Apache Cassandra Datasource for Grafana

Awesome Lists containing this project

README

        

# Apache Cassandra Datasource for Grafana

This datasource is to visualise **time-series data** stored in Cassandra/DSE, if you are looking for Cassandra **metrics**, you may need [datastax/metric-collector-for-apache-cassandra](https://github.com/datastax/metric-collector-for-apache-cassandra) instead.

![Release Status](https://github.com/HadesArchitect/GrafanaCassandraDatasource/workflows/Handle%20Release/badge.svg)
![CodeQL](https://github.com/HadesArchitect/grafana-cassandra-source/workflows/CodeQL/badge.svg?branch=master)

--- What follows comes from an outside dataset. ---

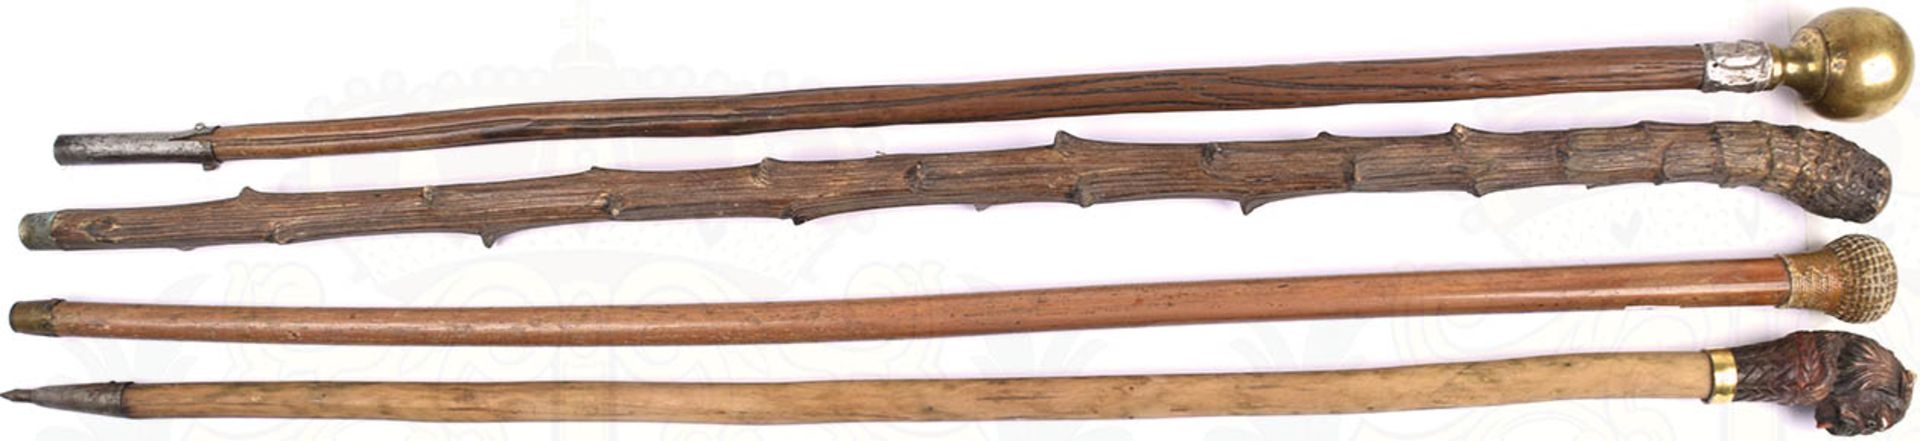 4 GEHSTÖCKE, versch. Holzsorten, L. 88-90 cm, 1 Kugelknauf, Messing, 2 plastisch gearbeitete Knäufe,
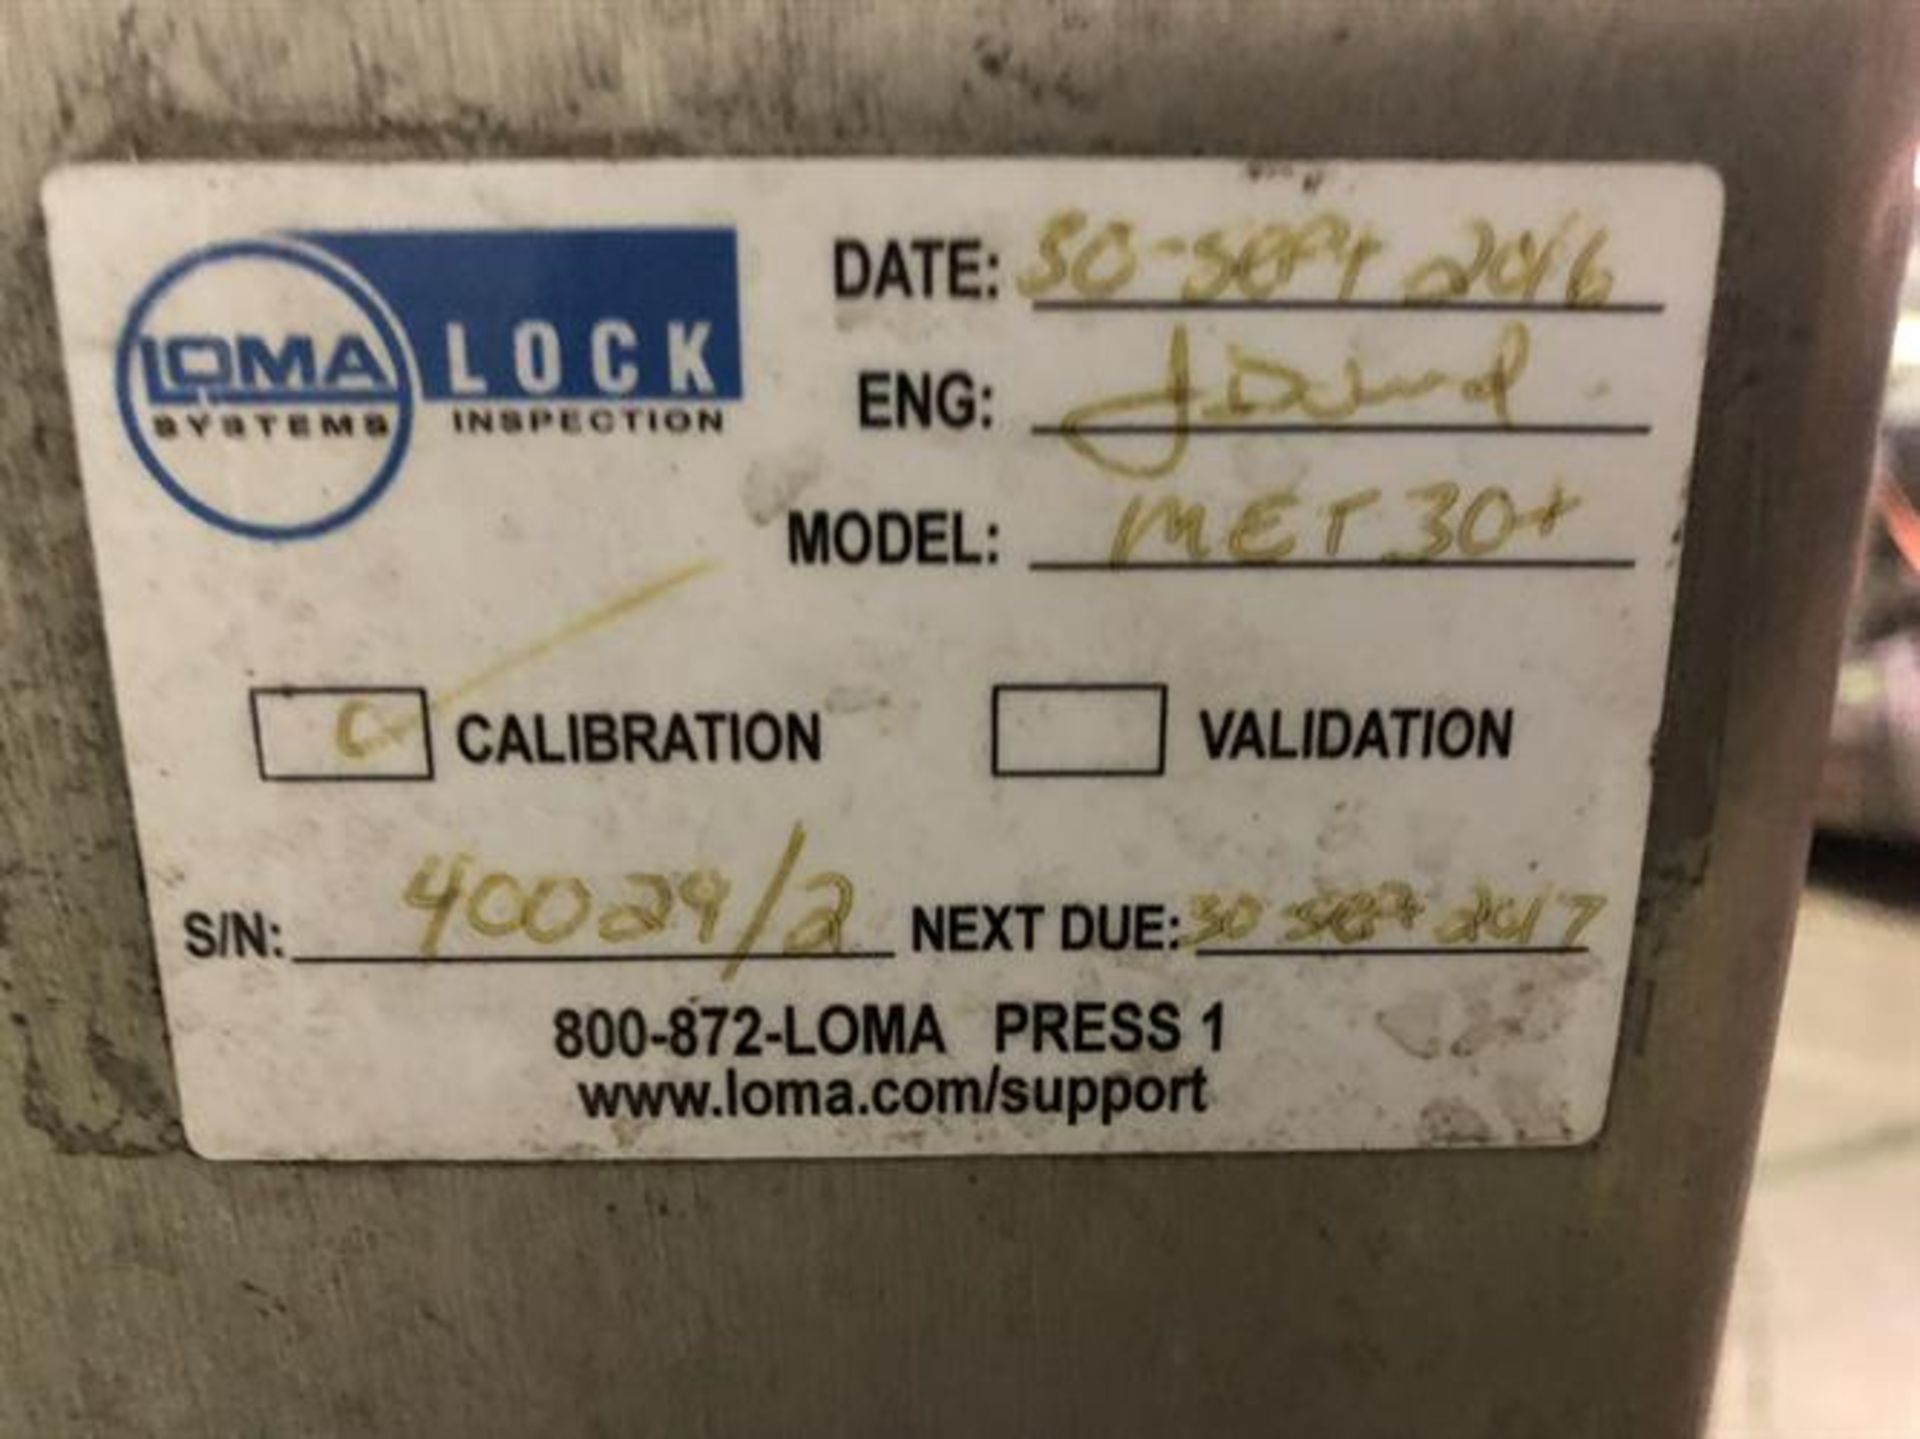 Lock Met 30+ metal detector - Image 6 of 11

To see the datasource in action, please follow the [Quick Demo](https://github.com/HadesArchitect/GrafanaCassandraDatasource/wiki/Quick-Demo) steps. Documentation is available [here](https://github.com/HadesArchitect/GrafanaCassandraDatasource/wiki)

**Supports**:

* Grafana
* 7.x, 8.x, 9.x, 10.x are fully supported (plugin version 2.x)
* 5.x, 6.x are deprecated (works with plugin versions 1.x, but we recommend upgrading)
* Cassandra 3.x, 4.x
* DataStax Enterprise 6.x
* DataStax Astra ([docs](https://github.com/HadesArchitect/GrafanaCassandraDatasource/wiki/DataStax-Astra))
* AWS Keyspaces (limited support) ([docs](https://github.com/HadesArchitect/GrafanaCassandraDatasource/wiki/AWS-Keyspaces))
* Linux, OSX (incl. M1), Windows

**Features**:
* Connect to Cassandra using auth credentials and TLS
* Query configurator
* Raw CQL query editor
* Table mode
* Variables
* Annotations
* Alerting

**Contacts**:

* [![Github discussions](https://img.shields.io/badge/github-discussions-green)](https://github.com/HadesArchitect/GrafanaCassandraDatasource/discussions)

**TOC**
- [About](#about)
- [Usage](#usage)
- [Installation](#installation)
- [Building query](#building-query)
- [Table Mode](#table-mode)
- [Alerting](#alerting)
- [Tips and tricks](#tips-and-tricks)
- [Development](#tips-and-tricks)

## Usage

You can find more detailed instructions in [the datasource wiki](https://github.com/HadesArchitect/GrafanaCassandraDatasource/wiki).

### Installation

1. Install the plugin using grafana console tool: `grafana-cli plugins install hadesarchitect-cassandra-datasource`. The plugin will be installed into your grafana plugins directory; the default is `/var/lib/grafana/plugins`. Alternatively, download the plugin using [latest release](https://github.com/HadesArchitect/GrafanaCassandraDatasource/releases/latest), please download `cassandra-datasource-VERSION.zip` and uncompress a file into the Grafana plugins directory (`grafana/plugins`).
2. Add the Apache Cassandra Data Source as a data source at the datasource configuration page.
3. Configure the datasource specifying contact point and port like "10.11.12.13:9042", username and password. It's strongly recommended to use a dedicated user with read-only permissions only to the table you have to access.
4. Push the "Save and Test" button, if there is an error message, check the credentials and connection.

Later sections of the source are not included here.